Current stats and potential progress

In order to make any proper goals, it's helpful to know where you're starting from. Let's go.

Weight:
Ideally, I'd like to take Kelsey's approach and measure body fat percentage. But I'm not sure how to best do that. I don't think my gym has any kind of measuring devices (although I'm 100% just assuming that, seeing as how I've never asked). I know you can get one of those cool scales that electrocutes you or whatever and reads how much body fat you've got, but how much are those? A million dollars. (Again, 100% assumption). And then there are those little pincers that attach to your folds of fat like plastic crabs. I distinctly remember in the fall of senior year, my high school health teacher had us pinch our tricep fat, and in this ominous voice threatened "THERE'LL BE MORE TO PINCH AFTER THE HOLIDAYS!!! HAR HAR HAR." Gonna stay away from the plastic crabs.

Please?
So, barring me purchasing a fancy scale (which, knowing my propensity to throw money into these things, very well could happen), we're just gonna go with what the scale says, in combo with how my jeans fit and where my belt loop's at. Currently I'm at a smooth 151.4, which means I've lost almost exactly 10 pounds from my highest weight in 2013. HEYO! Gotta throw out props to the horrendous stomach bug I had over Christmas, which jumped me under 155. I would not wish that horror on anyone. Hell on earth, with a side of weight loss.

Note on weight: 5+ years ago, I would never have publicly stated my weight, because it can be such a loaded number. But it's just that, a number. Ain't no ell-bees bout to define me. So whatever, I weigh what I weigh.

As far as the cardio side of things, I've been not running for several months now due to a nasty case of runner's knee. I'm working on strengthening my quads and taking care of it, so it's been mostly elliptical and bike for me. However, just today I decided to do a little dreadmill work, and did a run 5 minutes, walk a couple minutes, repeat, for 30 total. And my knee's good! Felt fine during, and feels fine now.
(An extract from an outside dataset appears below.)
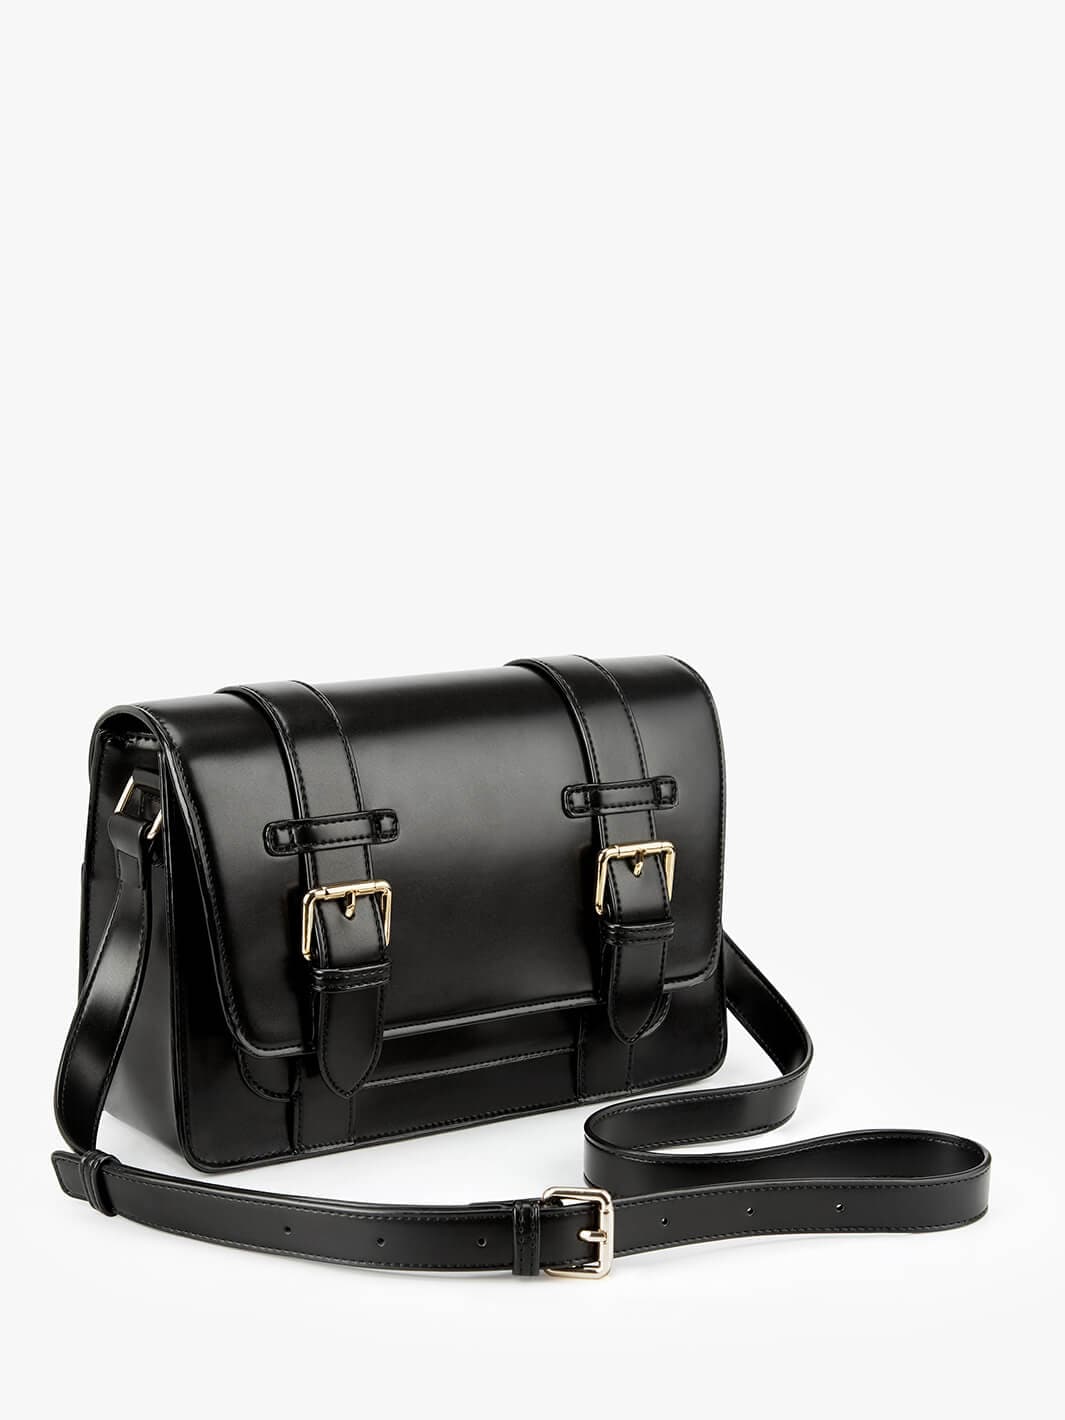 Best Crossbody Bags for Vintage Beauty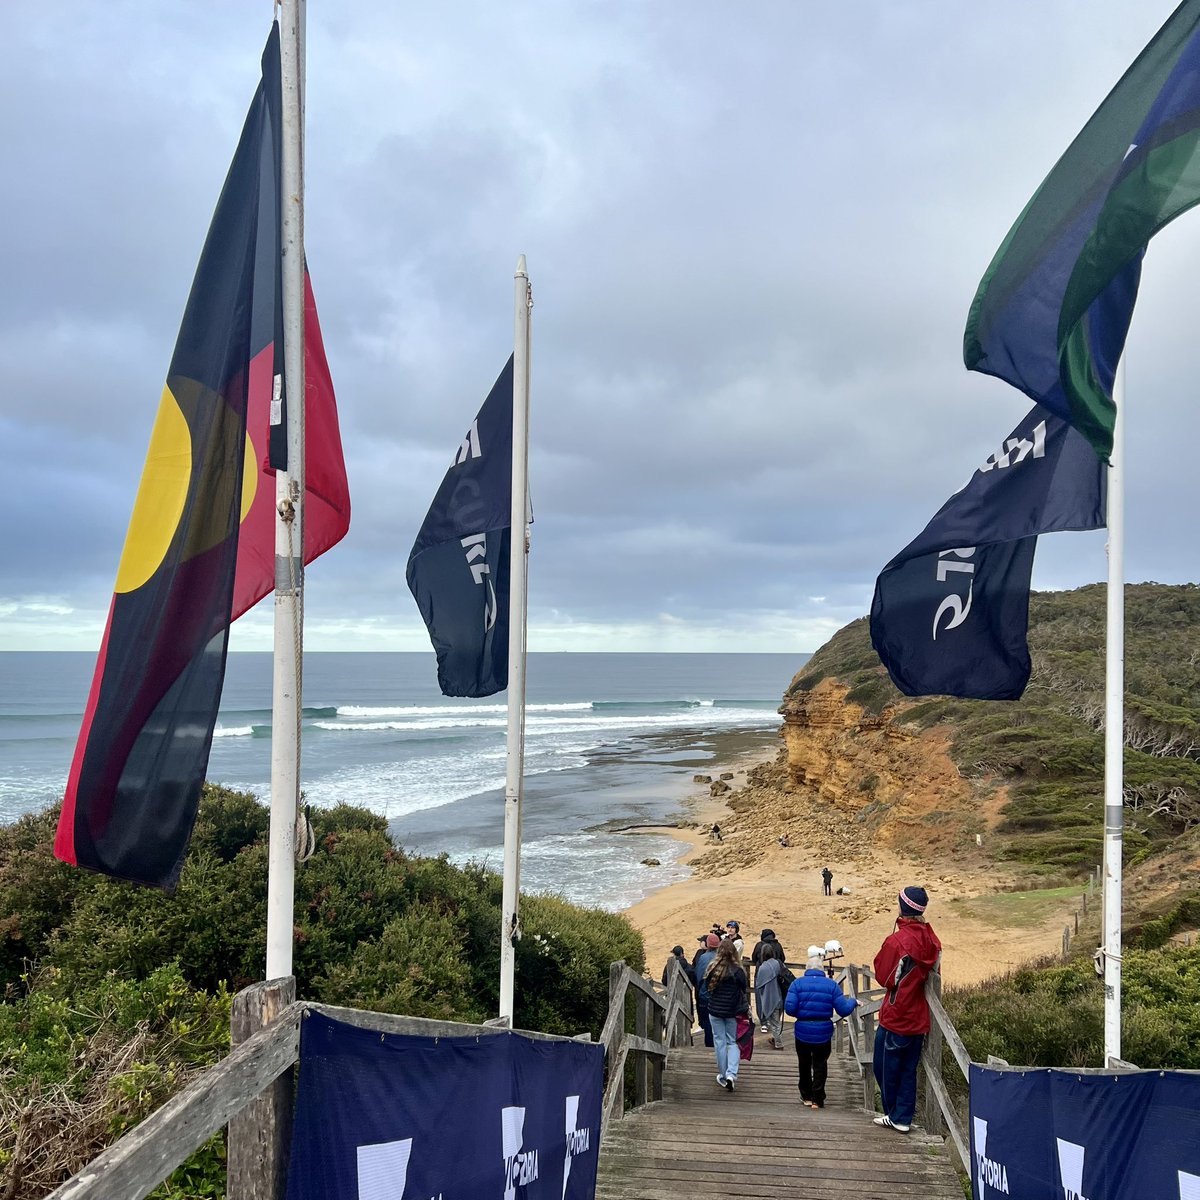 We kicked off today’s visit to the Surf Coast with a beautiful Welcome to Country on Wadawurrung Country for the 11th Australian Indigenous Surfing Titles. @VicHealth is proud to support @SurfingVictoria and this important event — all about community, culture, connection.

I know it's a meager beginning but I'll take it. 

Pull up progress:
To be clear, I'm working on a pull up, not a chin up. Sometimes I use them interchangeably, and that's actually incorrect. Pull ups are with your palms facing away from you, and chin ups are with palms facing towards you. I can do an assisted chin up a lot easier than a pull up (most people can, it uses more of your biceps muscles), but I'm training specifically for this beast at Tough Mudder in May:


And we all know the floor is lava. This chick, for example, is about to die:

Dead.
Monkey bars require more pull up-type movement than chin ups, so that's what I'm doing. Currently, I can do 8 reps with the assisted weight set on 85 pounds. I can do more reps after that, but not another whole set of 8. I'm hoping to move down to 75 pounds by the end of January. I'm just now realizing it's already the 25th, which gives me less than one week. Yeesh. I may need to update this goal.

Abs:
Pinterest always tells me that abs are 80% made in the kitchen and 20% made in the gym. Womp womp.

Still waiting for the recipe.
In addition to eating healthy and working on losing some weight for that 80%, I'm spending the other 20% planking my butt (stomach?) off in the gym. I'm able to hold a front plank on my elbows for a full minute now, but it's the side planks that kill me. I can't seem to do over 30 seconds on those.

How I think I look. How I really look. Side planks be damned.
I'm going to keep working on it. Usually I'll do between 2-6 minutes total for planks, but I'm hoping to get that up to a consistent 6 soon. I'd like to start holding those side planks for a full minute, too.

So that's a general idea of where we're starting from. I'm hoping to get to the gym again tomorrow, but I'm coming down with a cold that's one of those wait-and-see things. I'll either feel fine, or be bed-ridden tomorrow.

Hope y'all have a great weekend!!

2 comments:

  1. You could get some calipers from Amazon and read up about how to use them for measuring body fat--it's not too hard, but you have to do it right for it to be accurate. A lot more accurate than the scales measurements, usually.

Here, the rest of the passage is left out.